The blue-chip index fell 1,190 points Thursday, the largest-ever point decline, bringing the total week decline to more than 3,200 points as coronavirus fears escalated.

Here's what three market experts are watching now.

Tech sector is a survivor

Jim Cramer, host of CNBC's "Mad Money," says tech is a survivor and the money should be repositioned back into the sector.

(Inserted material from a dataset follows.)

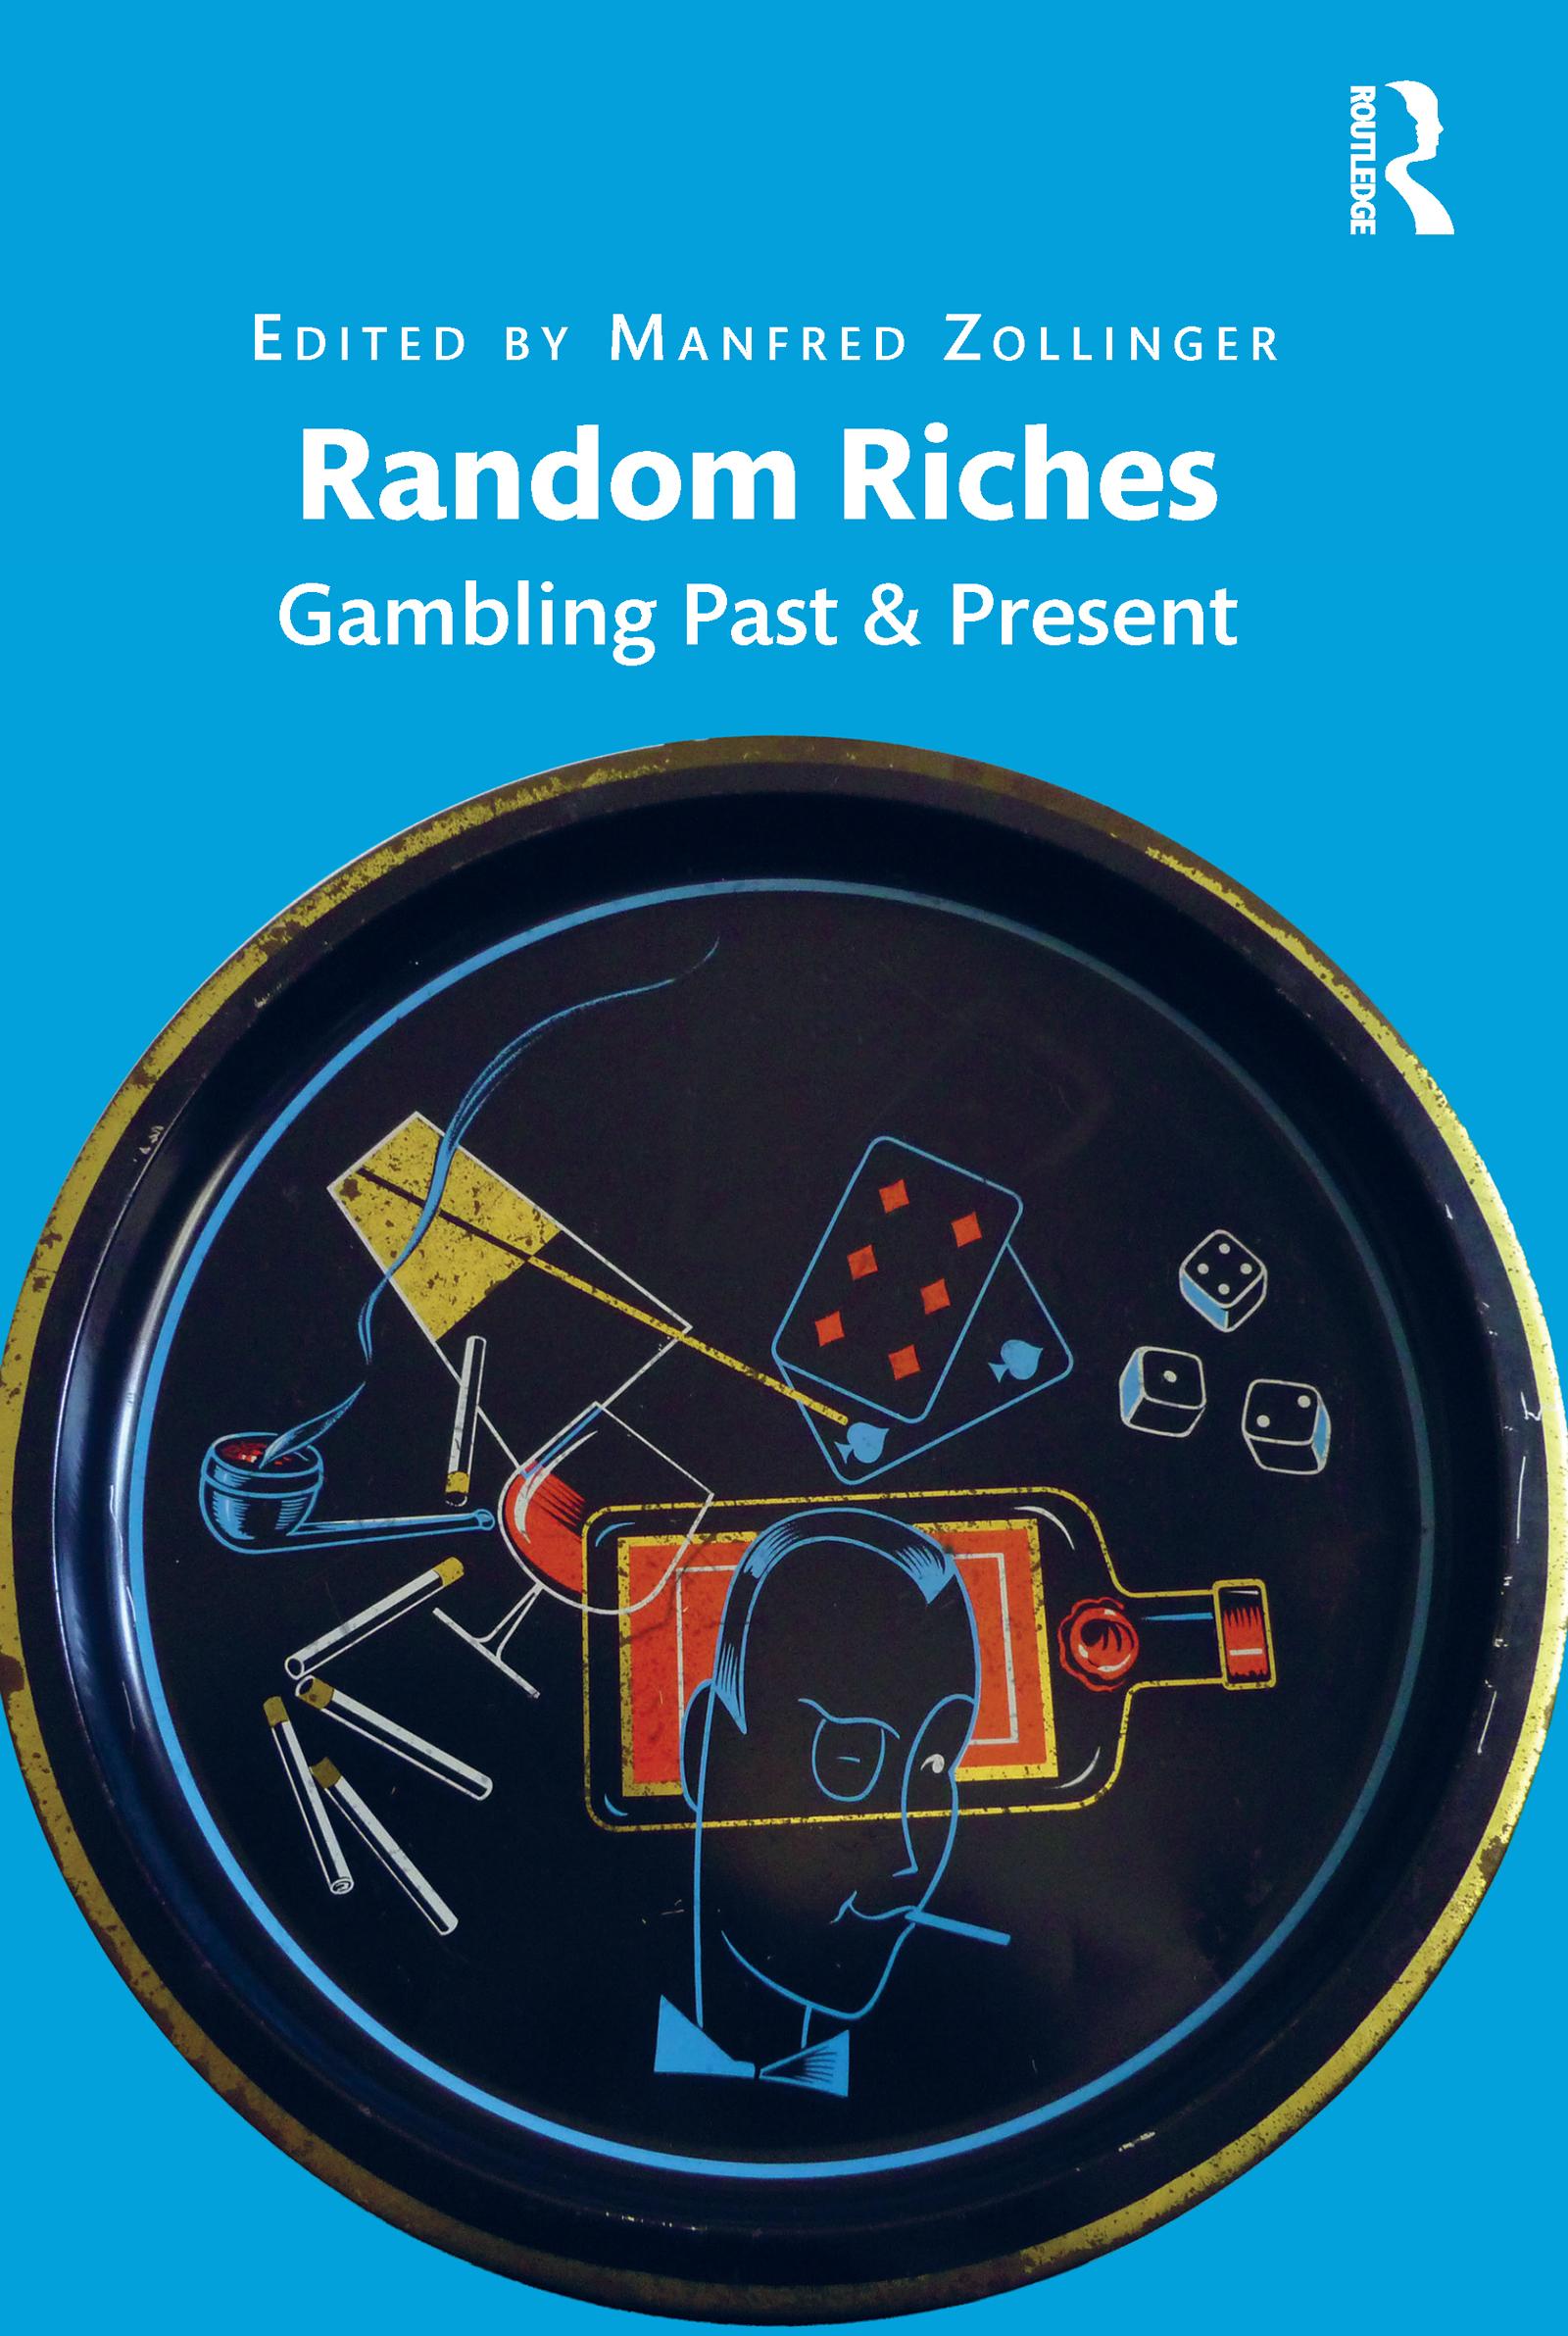 Random Riches

"This isn't like 2015-2016 where it was a blip and they were able to cut back. These guys are all pretty stretched so, you want to be very careful there if you're reaching for yield. ... So what are you going to do with these [stocks] that don't have that kind of balance sheet and the answer is oil, travel, leisure? Wrong. Those are wrong. Take the money out of those and reposition, after FAANG goes down more, [into] tech. I think tech is a survivor because we are going to go 5G."

Uncertainty reigns

Alicia Levine, chief strategist of BNY Mellon Investment Management, says uncertainties are the enemy of the market and suggests clients eliminate some risks.

"The main enemy of the market right now is uncertainty. Because you can't actually model this. ... We're telling clients to take some risk off the table, because if you think about it, there is sort of a consolation of uncertainty here. There's the Democratic race, there's the course of the virus, and what the containment efforts for this do to the economy. And I'd just like to point out that the market has gone straight down since the Fed minutes came out ... where the Fed said that they're going to stop their purchases in April on the short end, and that just adds another piece of uncertainty. If you thought the market was liquidity driven, that is another piece denting it."

Market correction

Art Hogan, chief market strategist of National Securities, says this correction is driven both by coronavirus fears and an overdue need for a pullback.

"We're 10% off our all-time highs. ... So what we have to look at is, how much of this correction is driven by the uncertainty over the economic damage that will clearly follow in the wake of this coronavirus. And how much of this is, this market has been looking for an excuse to pull back. ... And I think there's some combination of both, and it's hard to desegregate that. But, right now what we're forgetting is we're starting this epidemic at all-time highs, so obviously the initial damage is probably going to be a whole lot more than it has been for the other 11 global health scares that we have seen over the last 20 years."